На другой день к Лермонтову зашел Краевский. В его рассказах снова замелькали имена врагов Пушкина, прежде всего графини Нессельроде, дочери грабителя России графа Гурьева (прежнего министра финансов), а теперь жены отвратительного немца, сделавшегося благодаря своему тестю министром иностранных дел. Она ненавидела Пушкина. За что? Да за эпиграммы и острые слова на счет ее отца, на ее счет... А ведь она при механизме высшего света — часовщик, она заводит пружину и, когда нужно, переводит стрелки. Она покровительствовала Дантесу, именно благодаря ей он стал в свете своим.

Краевский рассказал также историю странной женитьбы Дантеса на свояченице Пушкина, сестре его жены... Об еще более подлом и беззастенчивом поведении Дантеса после этой свадьбы, чем до нее, — он преследовал на балах жену Пушкина, компрометируя ее страстными взглядами и казарменными любезностями и давая понять, что он женился на ее сестре затем, чтобы быть ближе к ней. Теперь Дантес еще более в моде — высший свет ему сочувствует, оправдывает: как же, ведь он не мог поступить иначе; его вынудили выйти к барьеру. Он ранен в руку и контужен в грудь. Карьера его в России прервана — в лучшем случае он должен будет покинуть ее. Но ведь не отечество покинет этот искатель счастья! У него три отечества и два имени... Второе имя — от приемного отца, барона Геккерена, нидерландского посланника в Петербурге. «Фальшивая, гнусная личность этот Геккерен», — коротко добавил Краевский.

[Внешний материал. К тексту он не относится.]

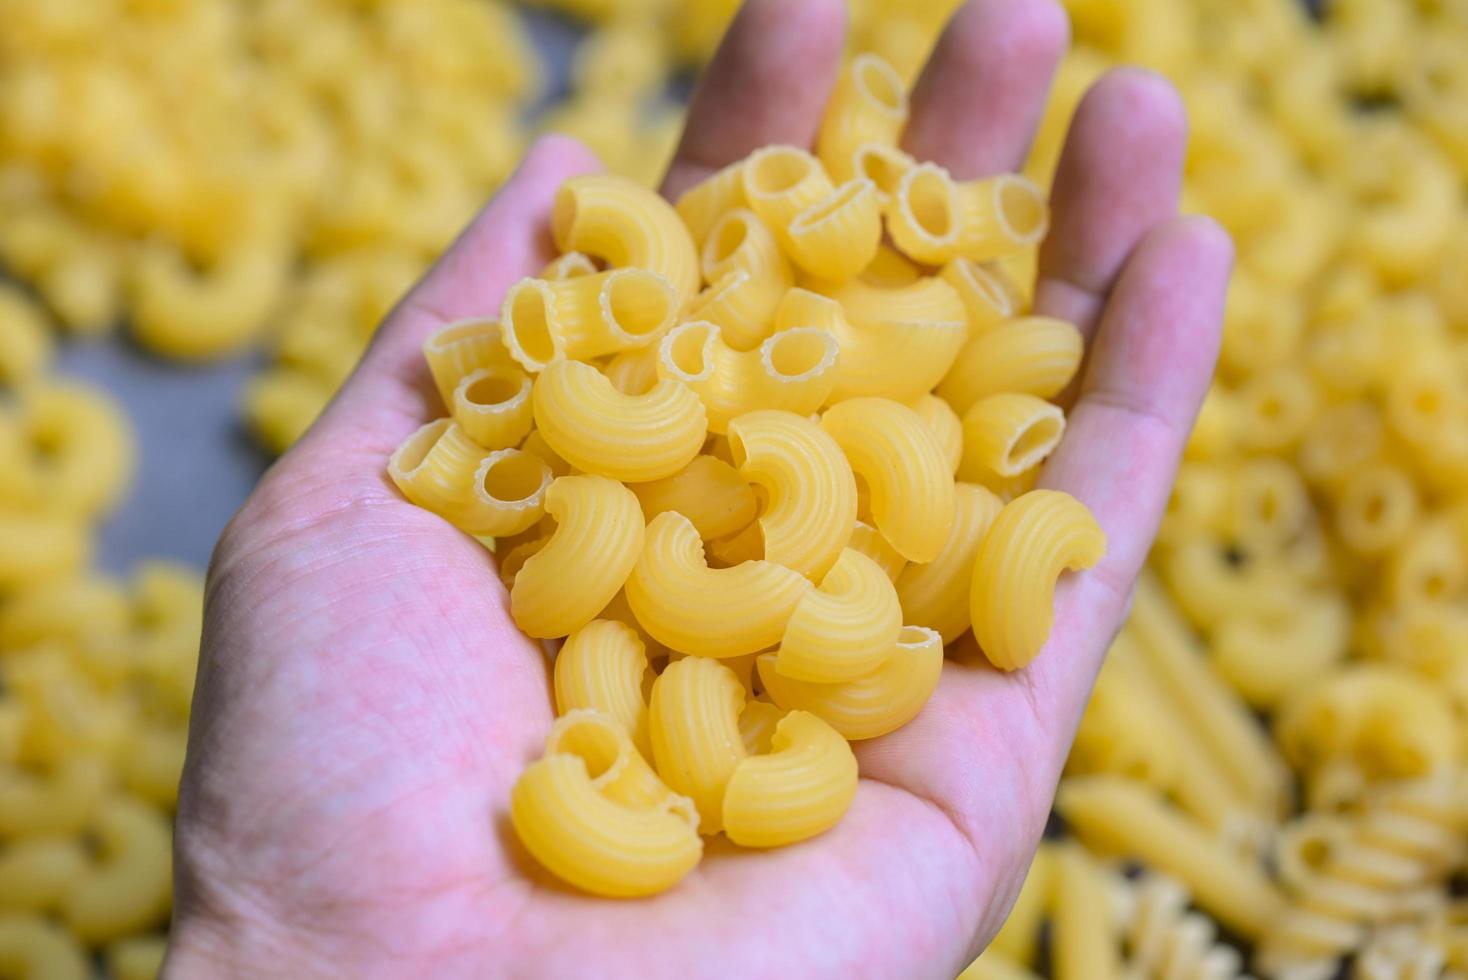 pâtes à la main et fond de macaroni cru, gros plan de pâtes macaroni crues pâtes délicieuses non cuites pour la cuisson des aliments photo

К обеду 28-го появились в доме на Садовой Столыпин-Монго и Юрьев, но Лермонтов и Раевский оставили их в обществе бабушки и отправились к дому на Мойке, где тяжело страдал Пушкин. Подойдя к Певческому мосту, они увидели на набережной толпу в несколько сотен человек. Чиновники, военные, люди в потертых шубах и даже тулупах... Все молчат, но каждого выходящего из дома стараются не упустить, добыть от него хоть какие-нибудь сведения. Лермонтов и Раевский несколько раз ходили в кондитерскую Вольфа и Беранже, возвращались к дому Пушкина и молча стояли в толпе. Лермонтов не хотел проталкиваться в переднюю квартиры, которая все время была полна, так что даже доктор Арендт едва мог протиснуться, входя или выходя. Он приезжал каждые два-три часа. Когда он выходил от Пушкина в очередной раз, к нему бросались с вопросами: «Что Пушкин?.. Легче ли ему?.. Есть ли надежда?..» Он коротко отвечал, что вся надежда — на Господа Бога, а Пушкин держится молодцом.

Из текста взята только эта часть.